> [Task] Nothing but the lines below from the one holding "blue grey argyle socks" up to and including the one holding "Nike Dri-FIT Form" should be copied, exactly and without pictures.

> [Provided data]
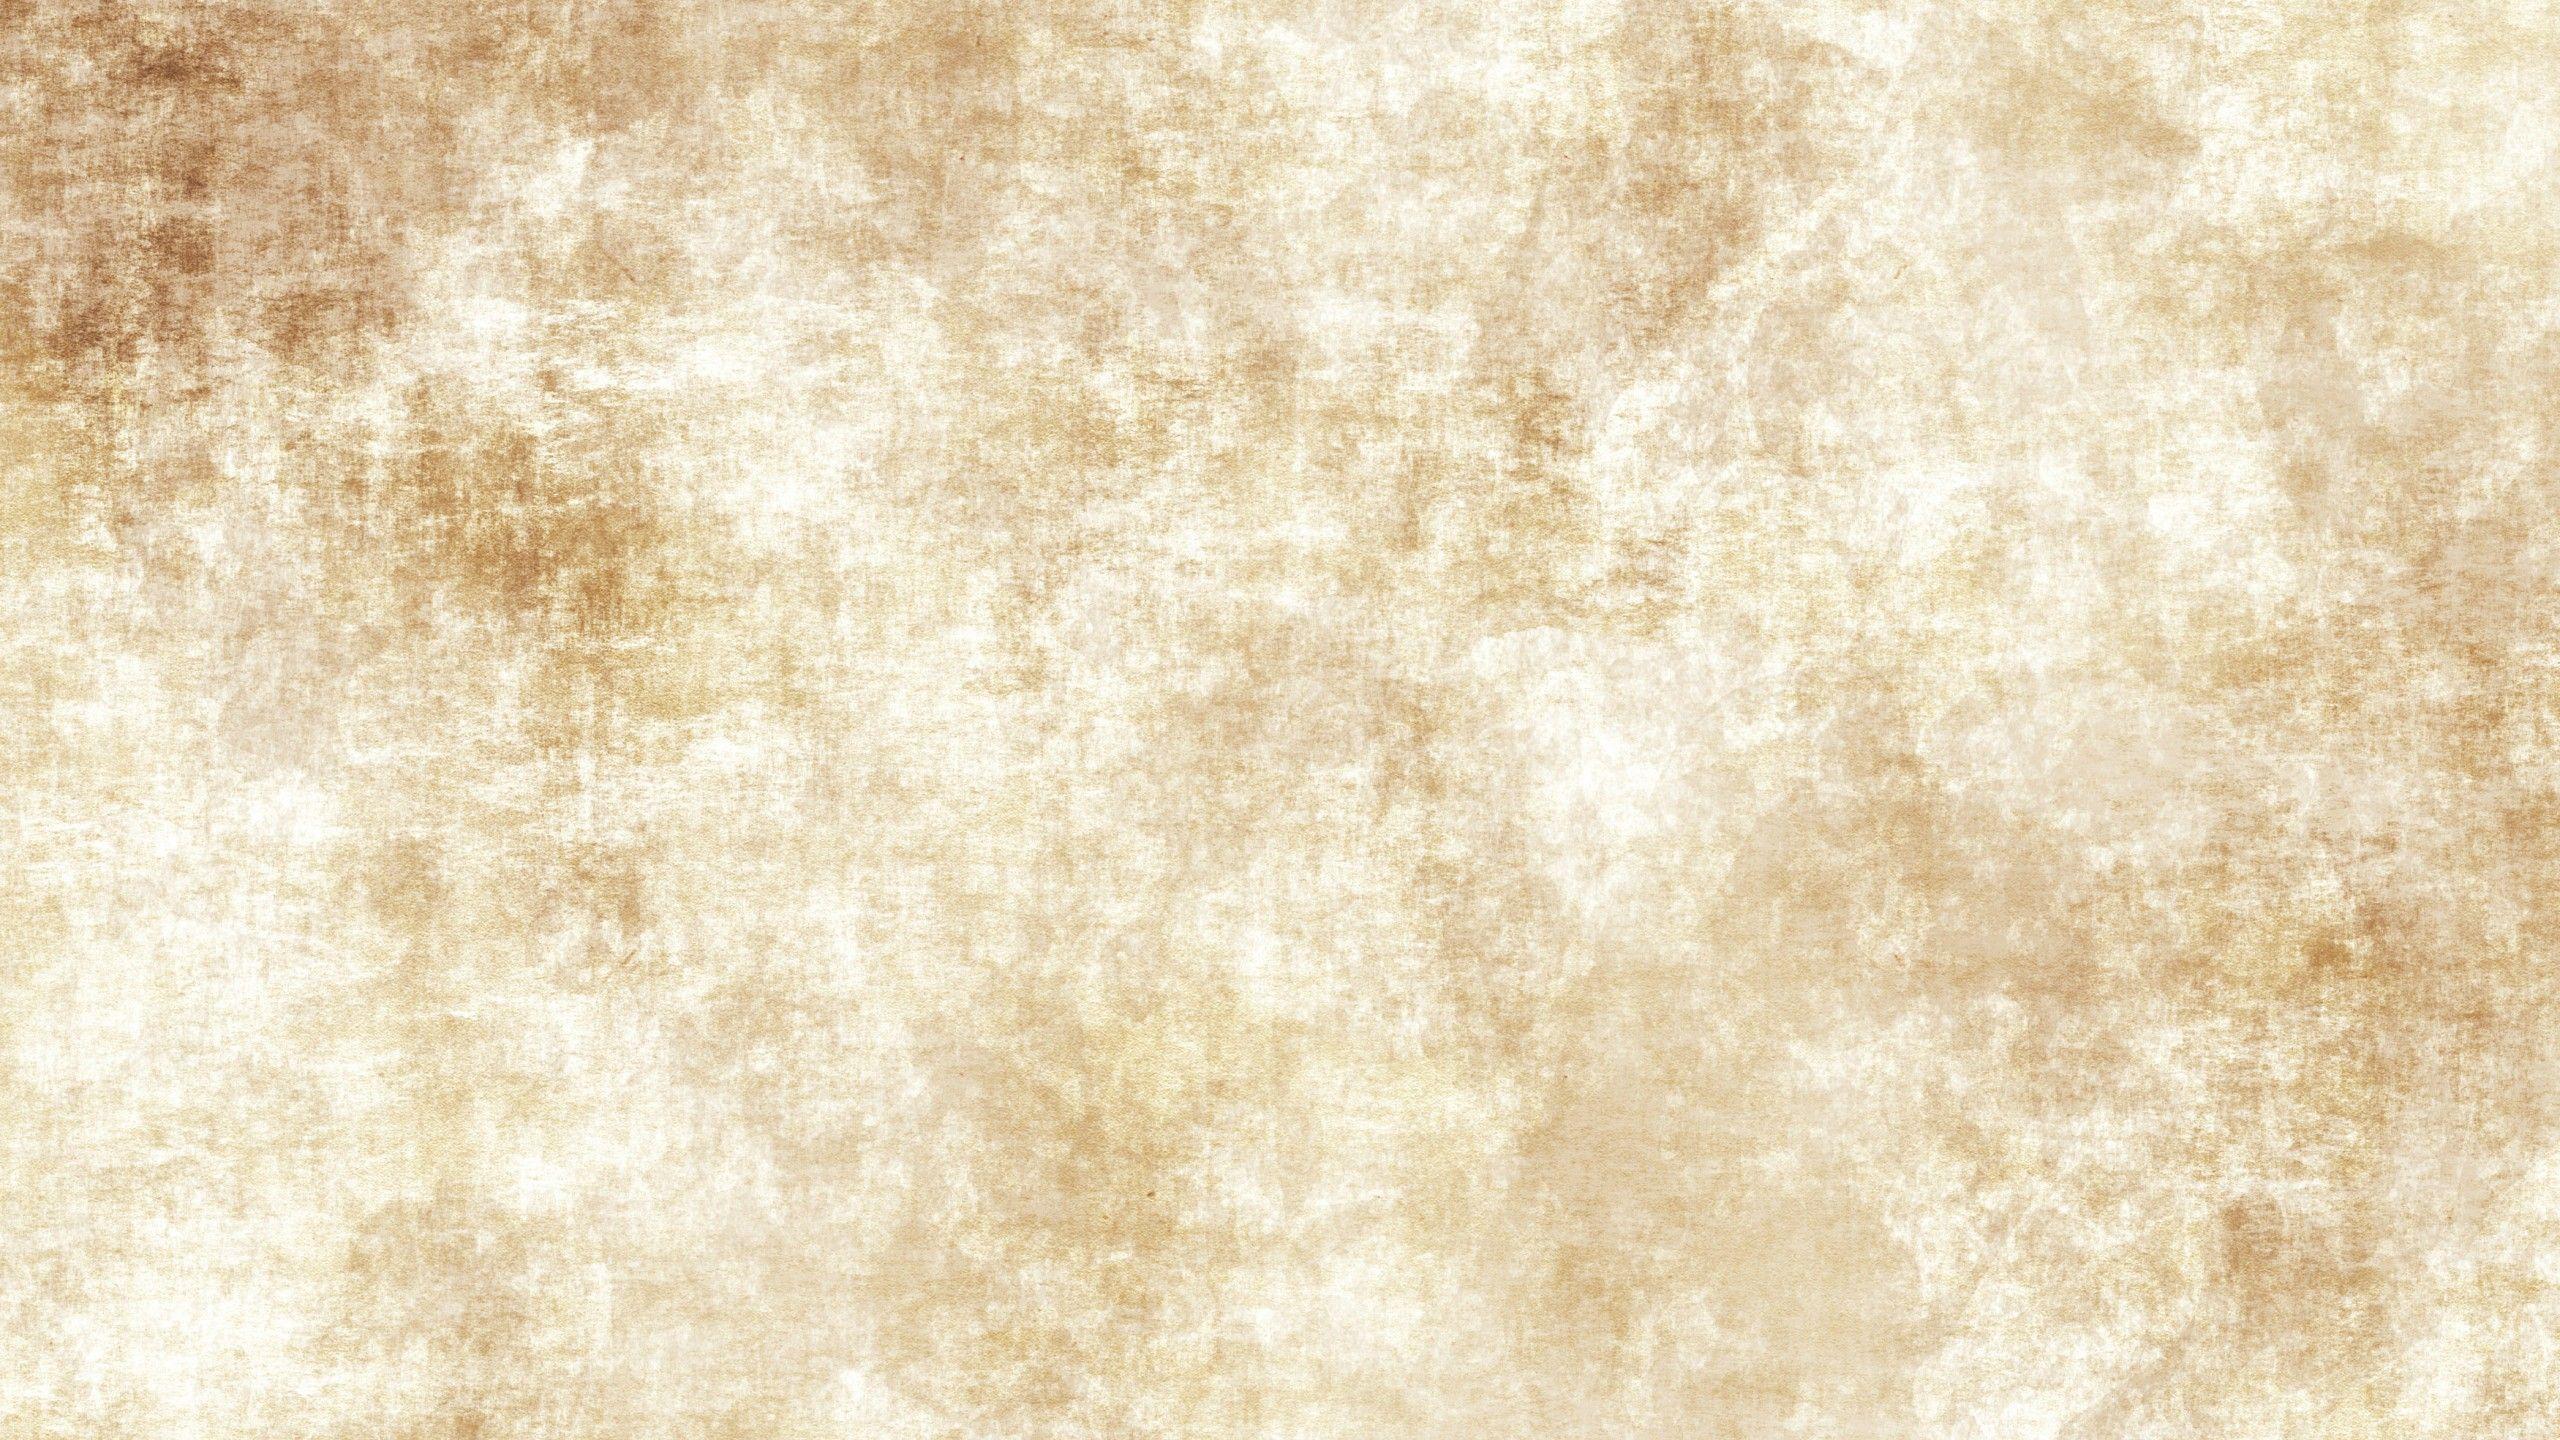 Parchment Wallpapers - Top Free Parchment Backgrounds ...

---

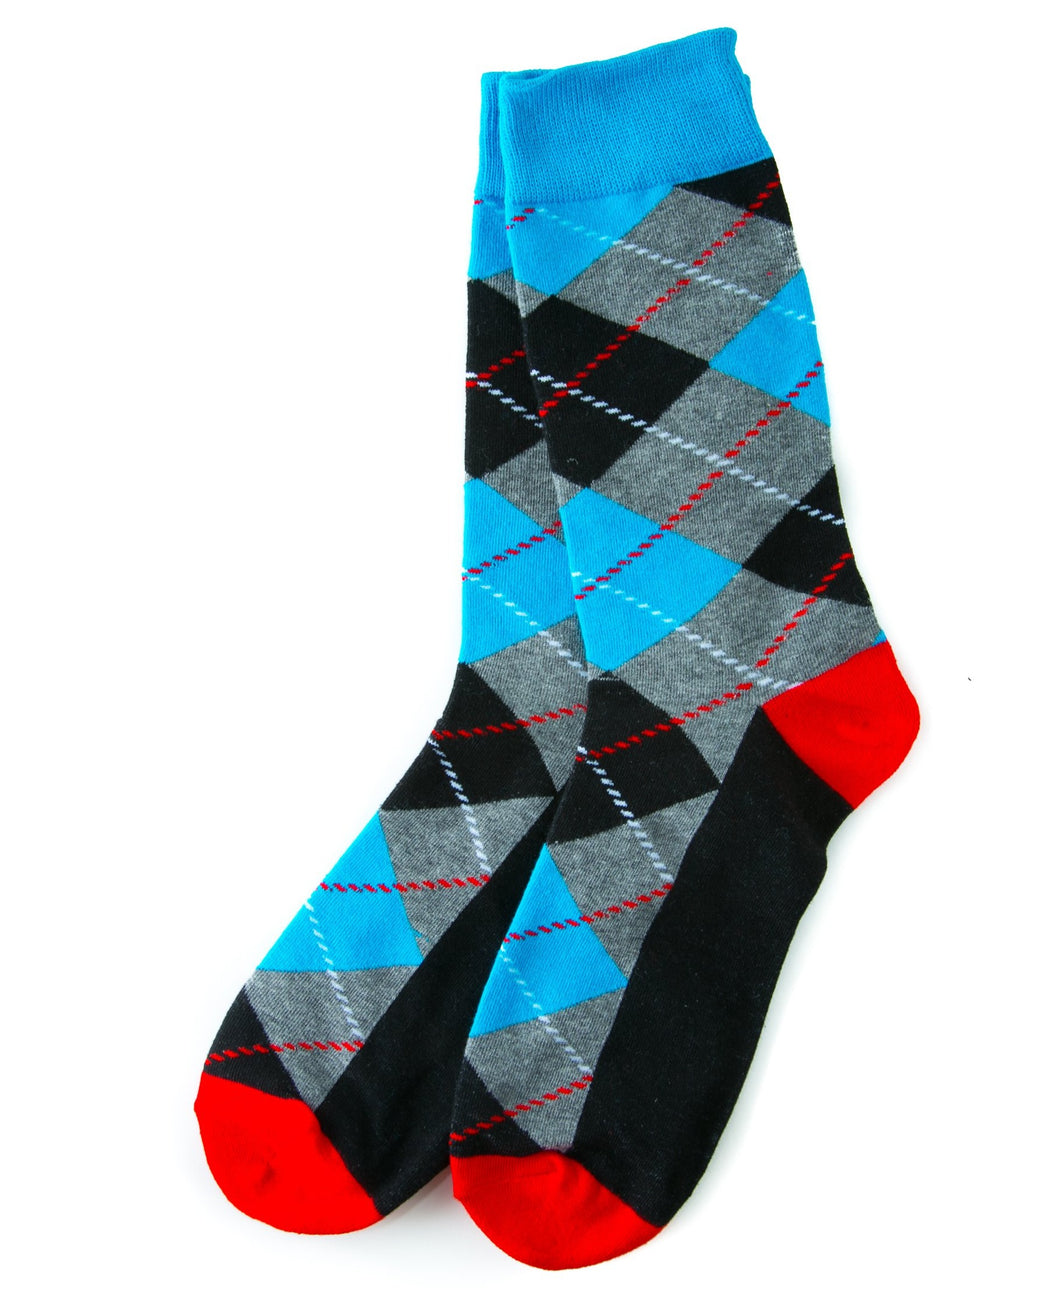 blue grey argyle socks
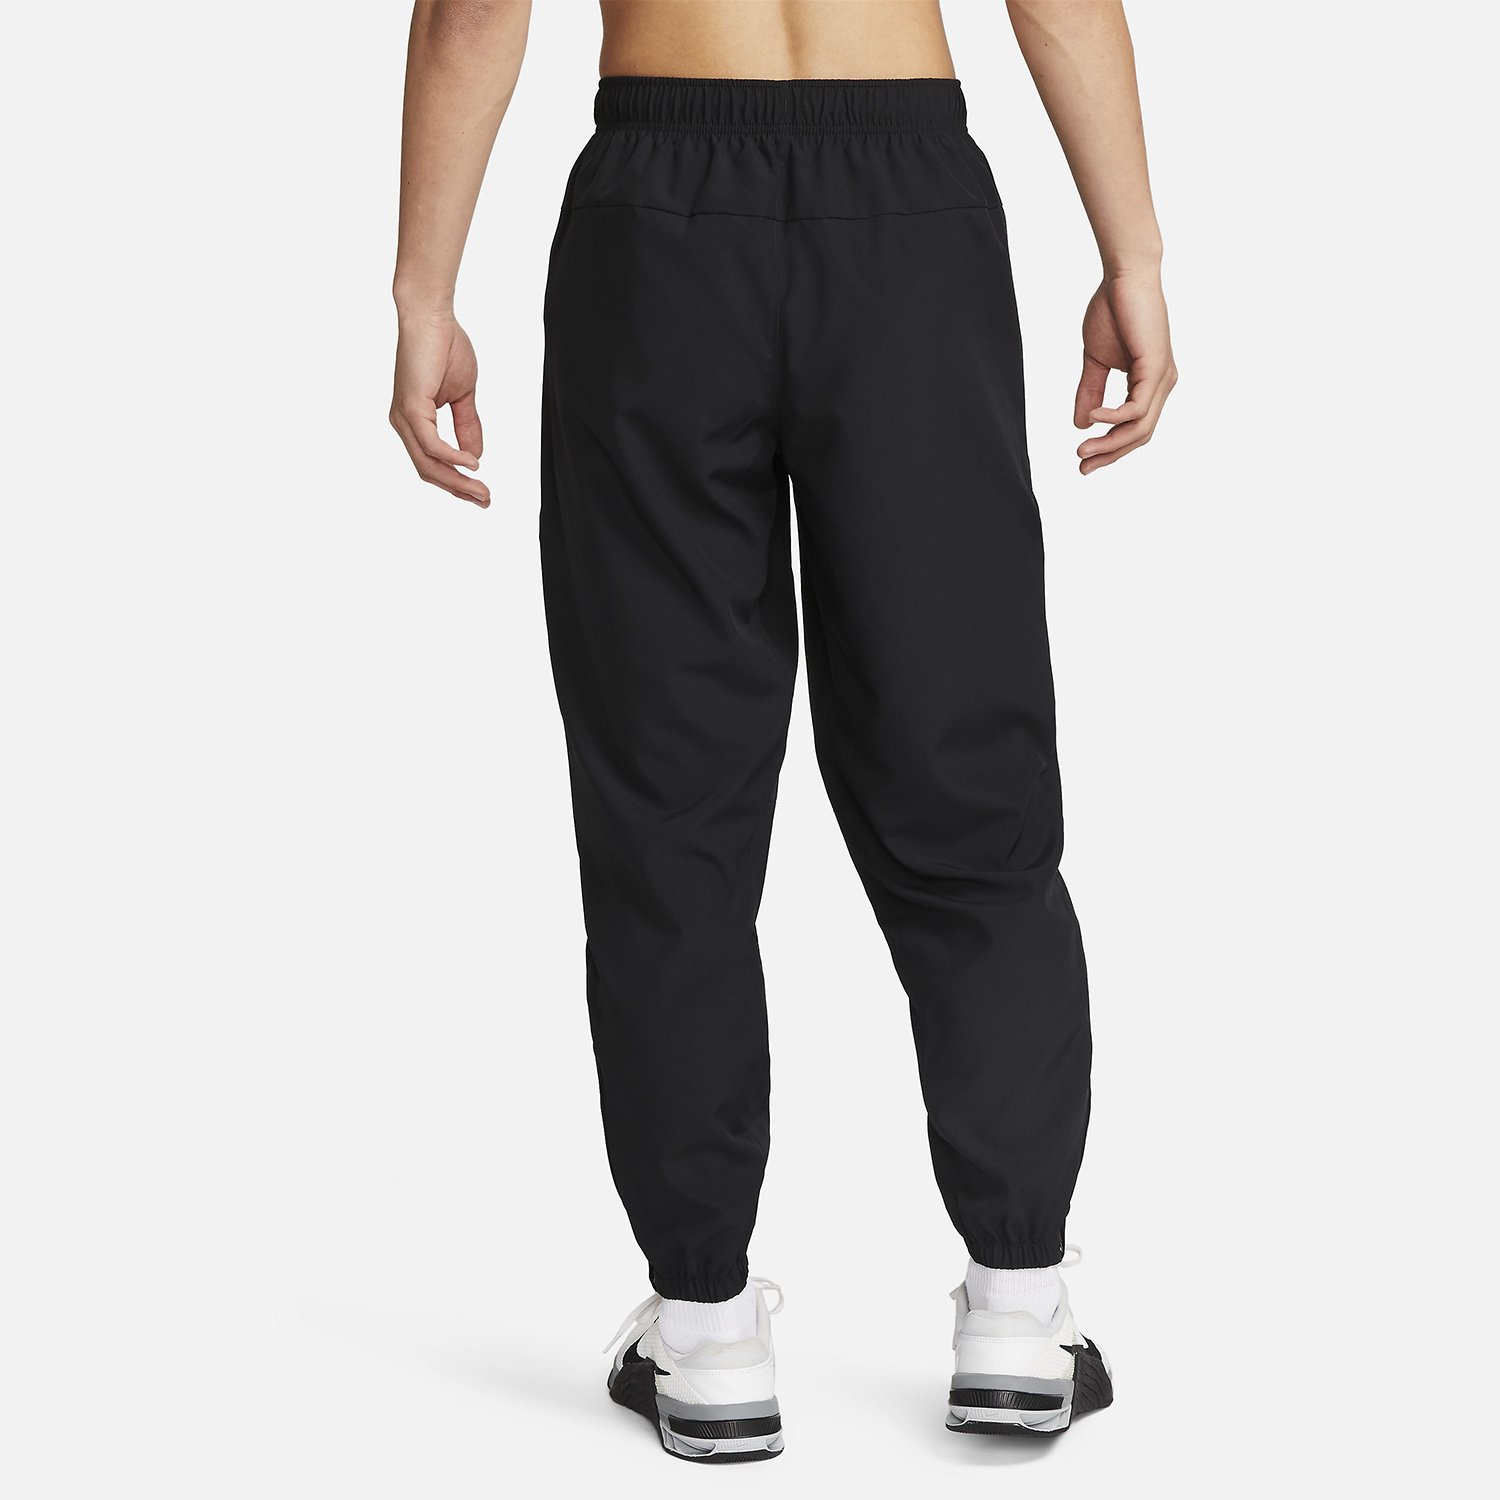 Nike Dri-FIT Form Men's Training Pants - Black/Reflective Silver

> [Solution]
 blue grey argyle socks
 Nike Dri-FIT Form Men's Training Pants - Black/Reflective Silver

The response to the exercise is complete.